[STORED DATA]

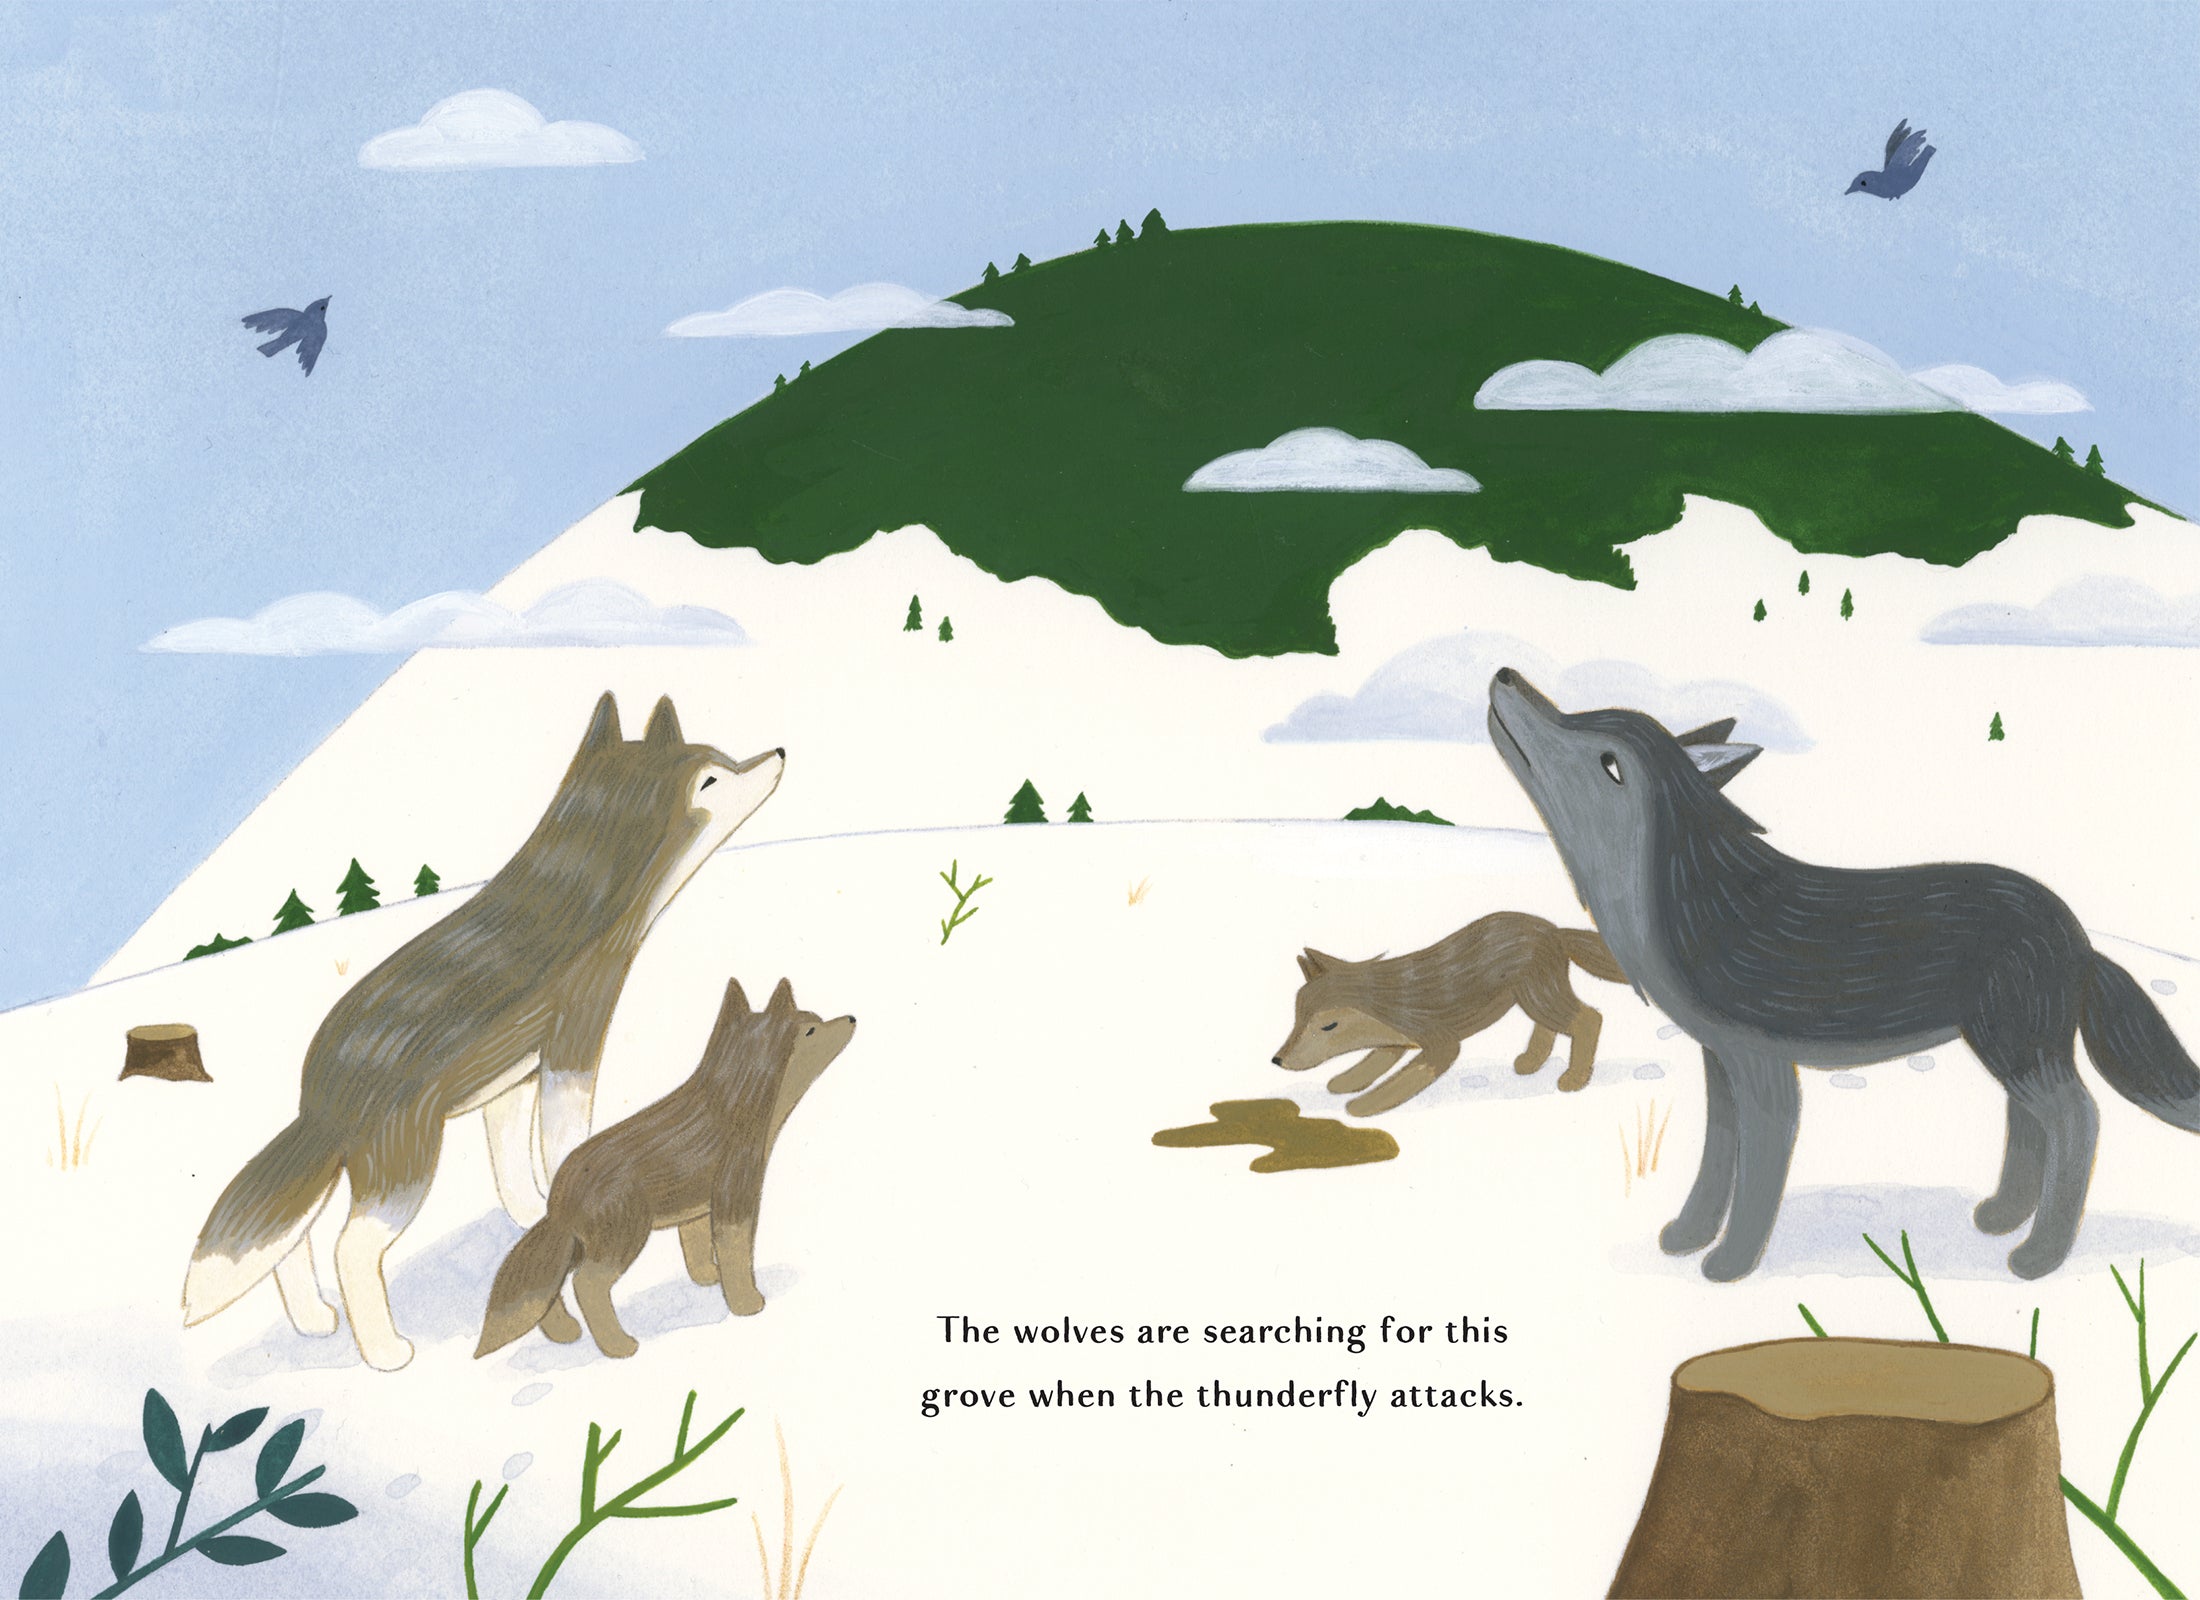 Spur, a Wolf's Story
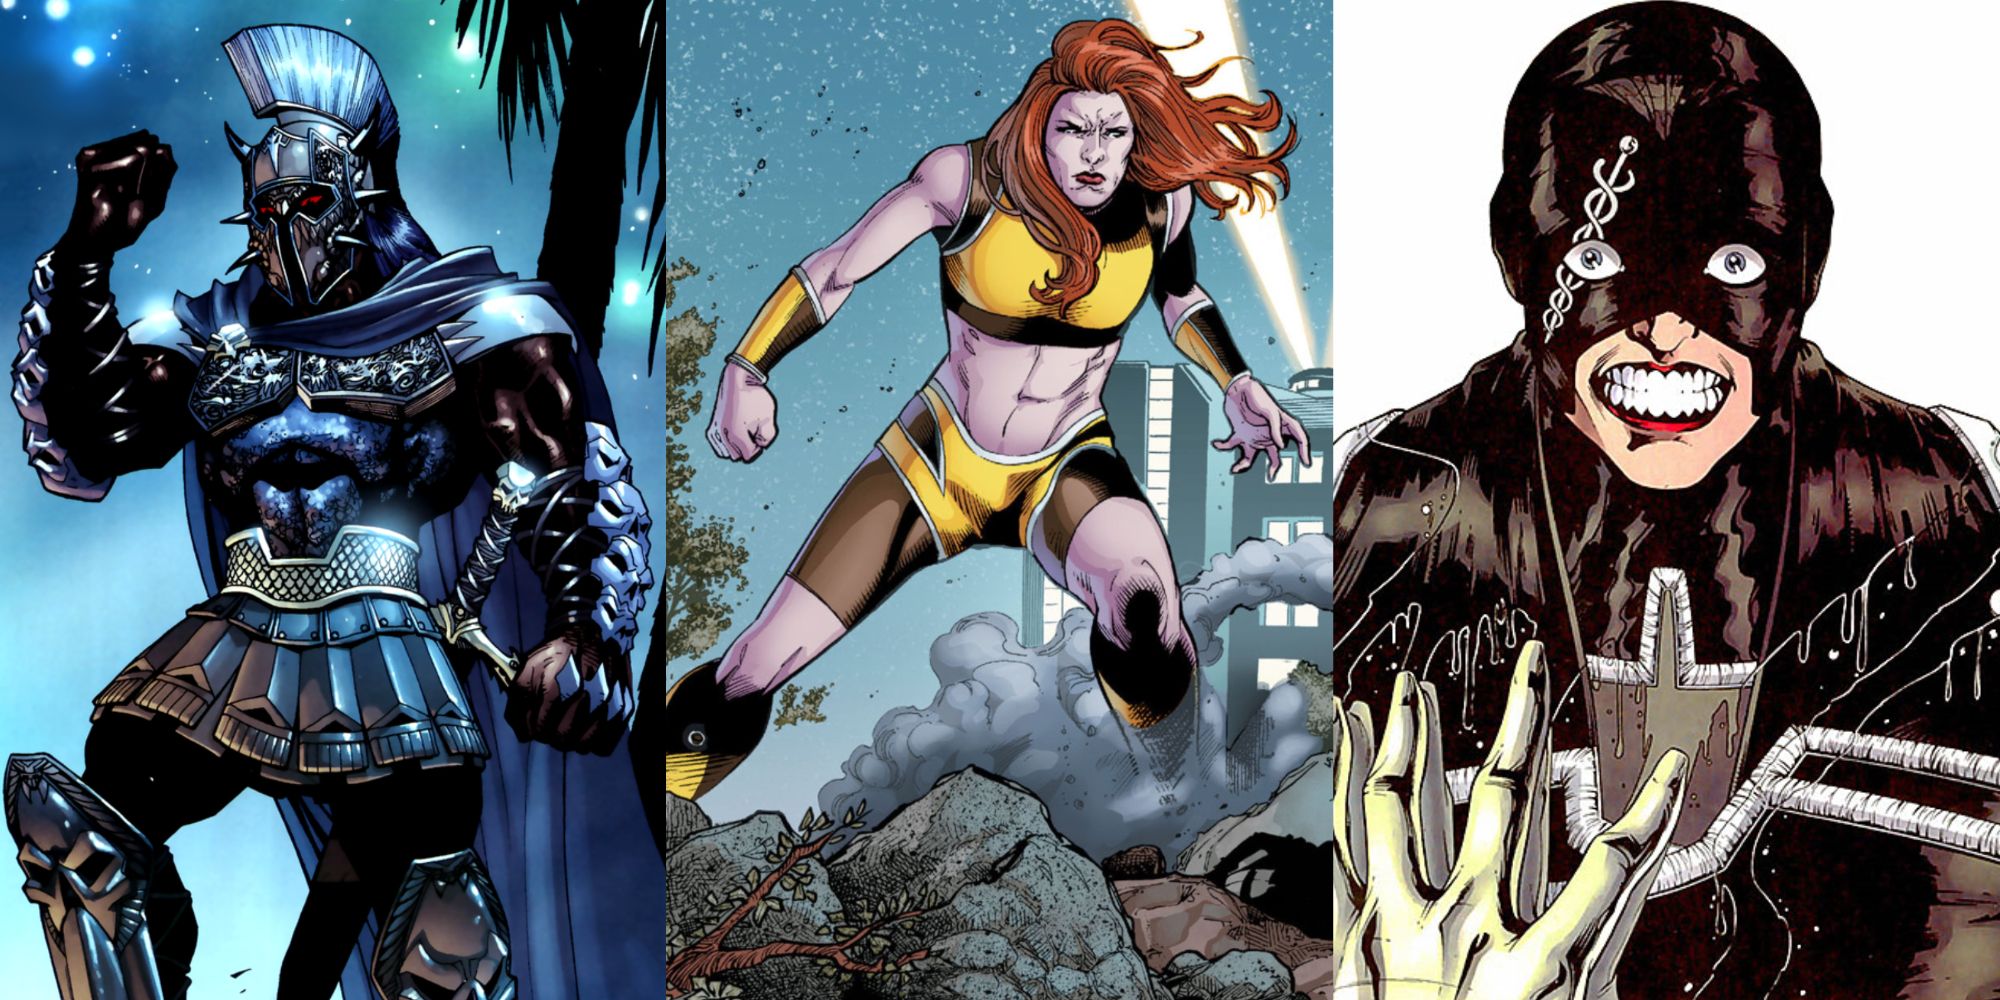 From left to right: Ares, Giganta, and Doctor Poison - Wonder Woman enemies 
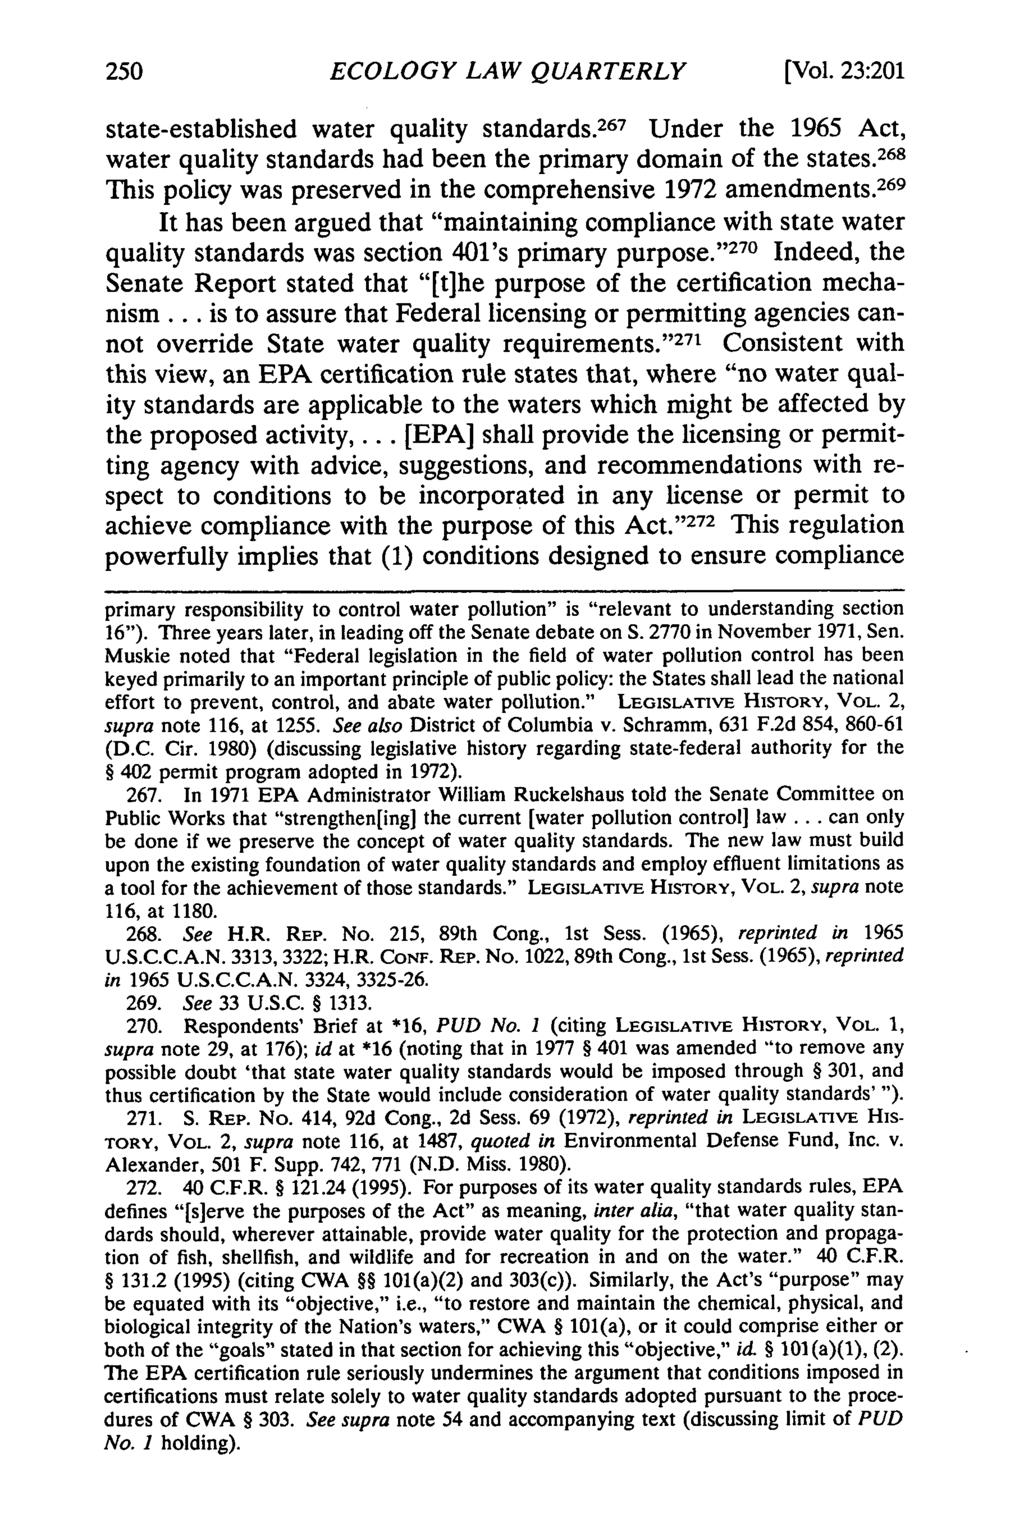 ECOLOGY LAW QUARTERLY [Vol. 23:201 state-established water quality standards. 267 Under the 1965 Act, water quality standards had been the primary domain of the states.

[/STORED DATA]

TASK TO CARRY OUT:
Set down all of the material word for word, but keep each picture out.

WRITTEN RESPONSE:
 Spur, a Wolf's Story
 From left to right: Ares, Giganta, and Doctor Poison - Wonder Woman enemies 
 ECOLOGY LAW QUARTERLY [Vol. 23:201 state-established water quality standards. 267 Under the 1965 Act, water quality standards had been the primary domain of the states.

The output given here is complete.